Questionados sobre comparações com outros grandes atos da música global como Taylor Swift, Harry Styles e Bruno Mars, o integrante RM descartou completamente a ideia de rivalidade, afirmando que as três estrelas do pop são “artistas maiores do que nós” e descreveu o BTS como “apenas uma boy band da Coreia”.
A jornada do BTS até o topo não foi isenta de pressões internas e externas. Durante a reflexão sobre os anos de carreira, os membros admitiram que a percepção sobre o que significa vencer no music business mudou drasticamente.
SUGA, conhecido por sua visão analítica sobre a indústria, confessou que em períodos anteriores da trajetória da banda, ele costumava ser competitivo demais com outros artistas. No entanto, o músico explicou que essa fase ficou para trás, cedendo lugar a um foco maior no prazer da criação artística do que na acumulação desenfreada de troféus e recordes.
O impacto dessa busca incessante pelo topo foi sentido na saúde física e mental dos integrantes ao longo da última década. SUGA revelou que a pressão para alcançar e manter o sucesso já havia levado seus limites físicos e emocionais ao extremo em diversas ocasiões. Contudo, o amadurecimento e a experiência de envelhecer sob os holofotes permitiram que o grupo encontrasse um novo equilíbrio.
De acordo com o integrante, o momento atual da banda permite a todos relaxar um pouco e, consequentemente, se divertir mais com isso. Essa mudança de paradigma é visível na leveza com que o BTS tem conduzido a promoção de seu novo material.
A Rolling Stone também abordou a antiga questão de se o BTS poderia um dia ser a atração principal do icônico show do intervalo do Super Bowl.
RM disse que a ascensão global da cultura coreana — de filmes como Parasita à popularidade mundial do K-pop — poderia eventualmente tornar isso possível: “Talvez se o tempo passar e a mentalidade das pessoas mudar.”
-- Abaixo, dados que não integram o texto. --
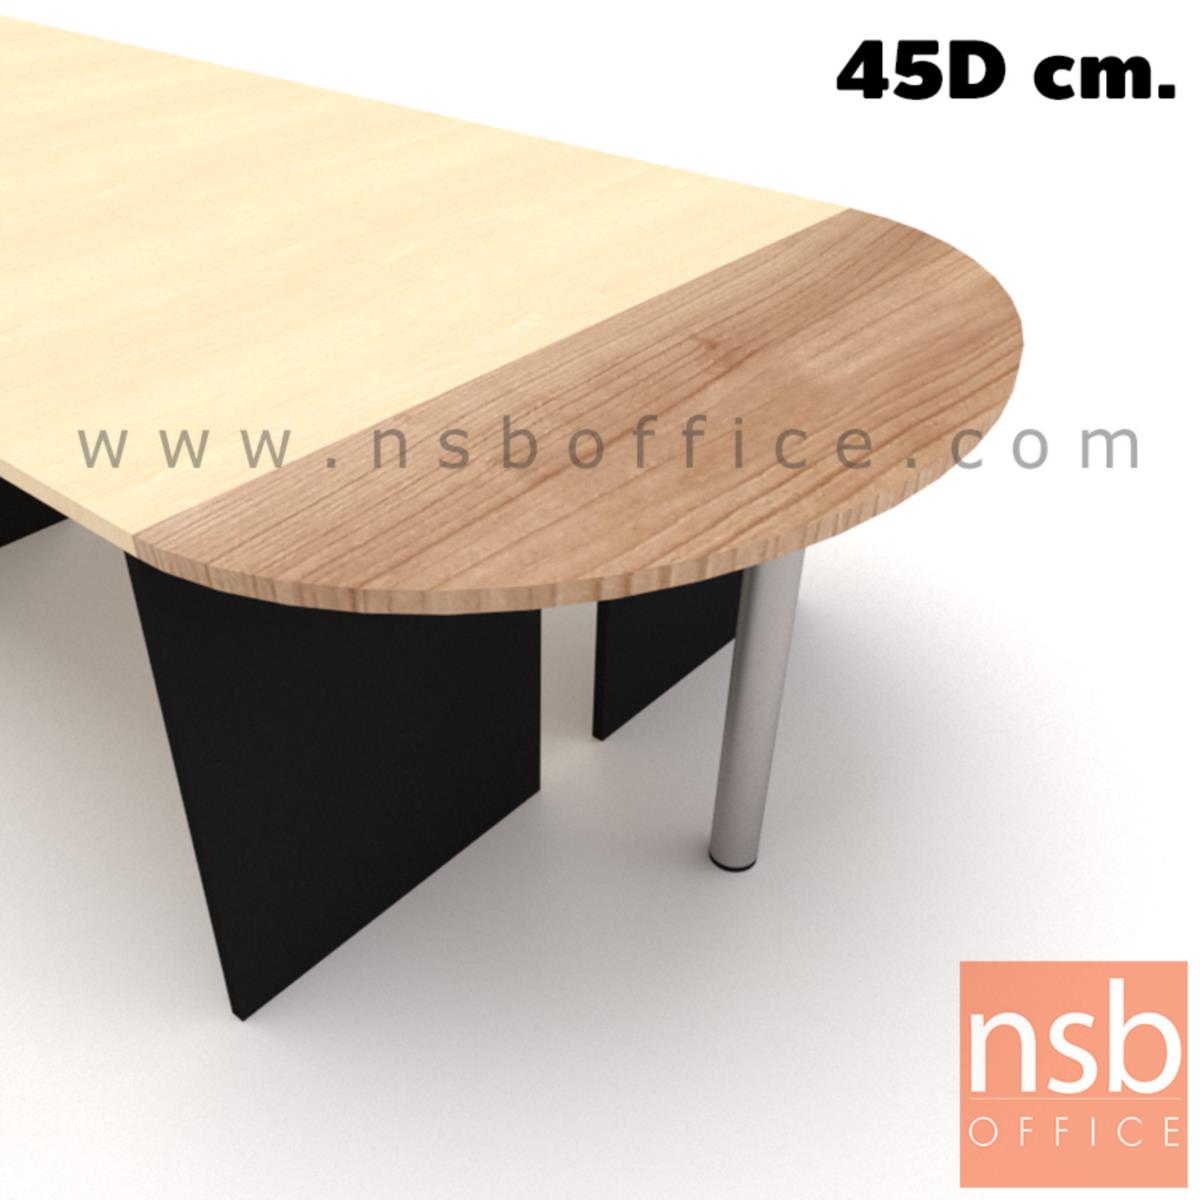 A04A060:โต๊ะเข้ามุมหัวโค้งแต่ไม่ครึ่งวงกลม รุ่น NSB-2045 ขนาด 120W ,150W ,160W cm.  ขากลมโครเมียม

“Definitivamente gostariam de fazer isso algum dia”, caso a oportunidade surgisse, insistiu RM. Enquanto que Jimin ponderou: “Não podemos fazer isso a menos que sejamos convidados”, observando que a decisão final cabe à NFL.
Enquanto isso, ARIRANG, o primeiro álbum completo do BTS em seis anos, continua sua forte trajetória nas paradas musicais, enquanto que o single principal, SWIM, alcançou recentemente o primeiro lugar na Billboard Hot 100.